All stores will be remaining open over the Christmas and New Year period with 26 set to close in 2018 – with the loss of up to 800 jobs.

They are: Aberdeen, Basingstoke, Belfast - Newtownabbey, Birmingham - St Andrews, Bolton, Bradford, Brislington, Cambridge, Cardiff, Derry City, Doncaster, East Kilbride, Exeter, Hayes, Kirkcaldy, Leicester, Livingston, Old Kent Road, Plymouth, Scunthorpe, Shrewsbury, Tamworth, Tunbridge Wells, Watford, York and Manchester - Central Retail Park.

Mr Knights said: “All of our stores across the UK remain open for business as normal through Christmas and well into the New Year. Customers can also continue to shop online and there will be no changes to our returns policies or gift cards across this period.

“Our newer, smaller, more interactive stores are in the right shopping locations and are trading well, while our new website has generated significant growth in online and click-and-collect sales.

“But the warehouse style stores we opened in the 1980s and 1990s, while successful in the early days, are too big and expensive to run in the current retail environment.
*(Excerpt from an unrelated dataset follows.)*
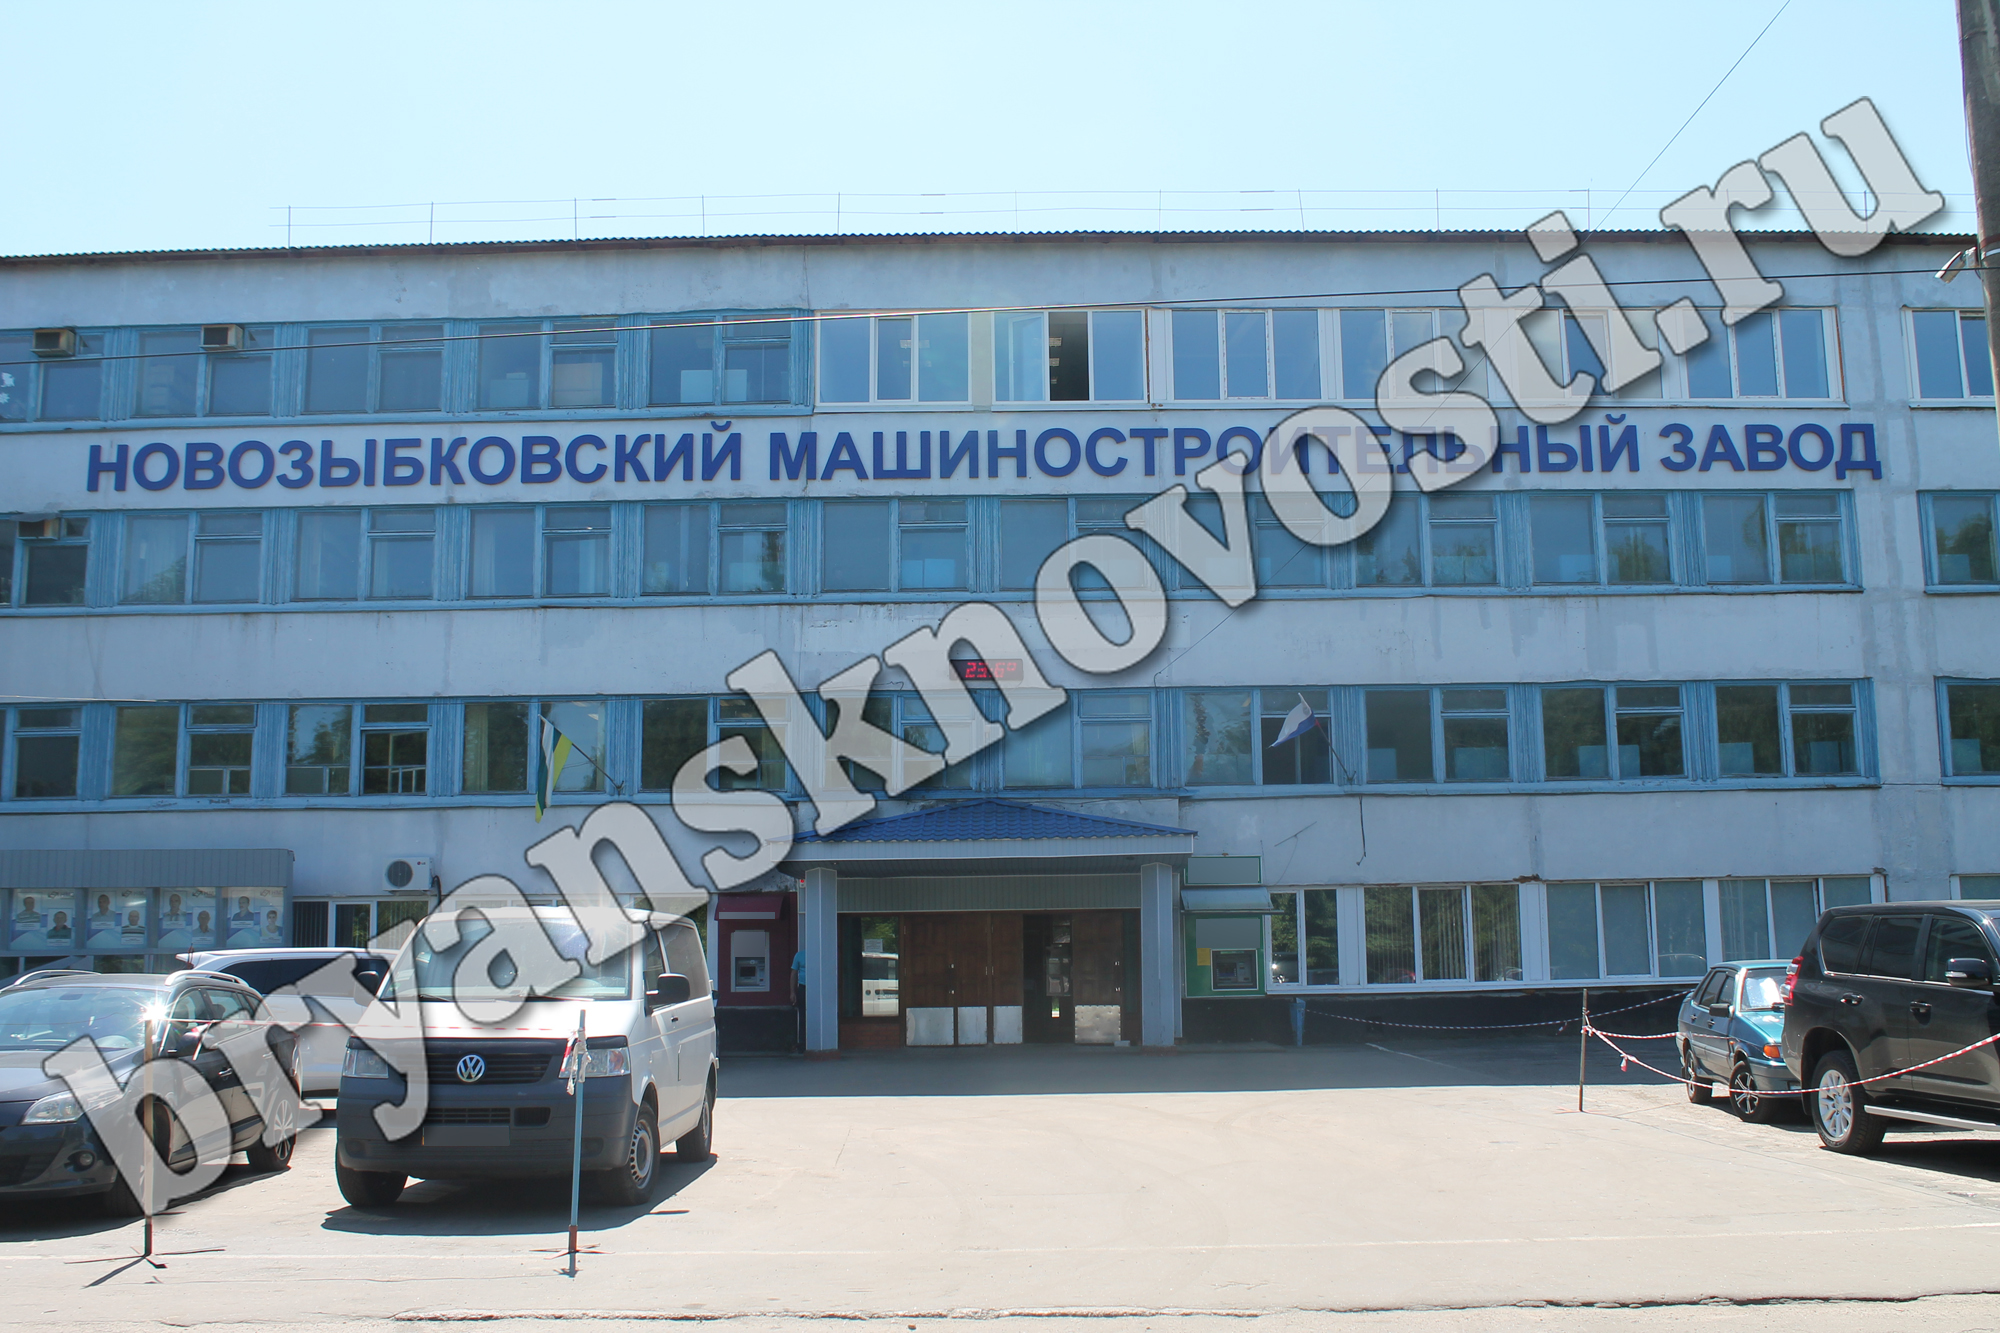 Новозыбковский машиностроительный завод продолжает испытывать трудности, а вместе с этим и прочность сотрудников

The business has been loss making in recent years and so we need to take strong and decisive action to accelerate the transformation.”

Dave Brandon, chairman and chief executive of the group, said, “As we continued to work through the financial restructuring process, we made the decision to take action to put our UK operation on stronger financial footing.

“Through the CVA process, we hope to receive authorization to restructure our UK lease obligations so that we will be better able to invest in our UK business and further improve the customer experience.

“Importantly, our stores and operations in our other global markets will not be impacted by this process.”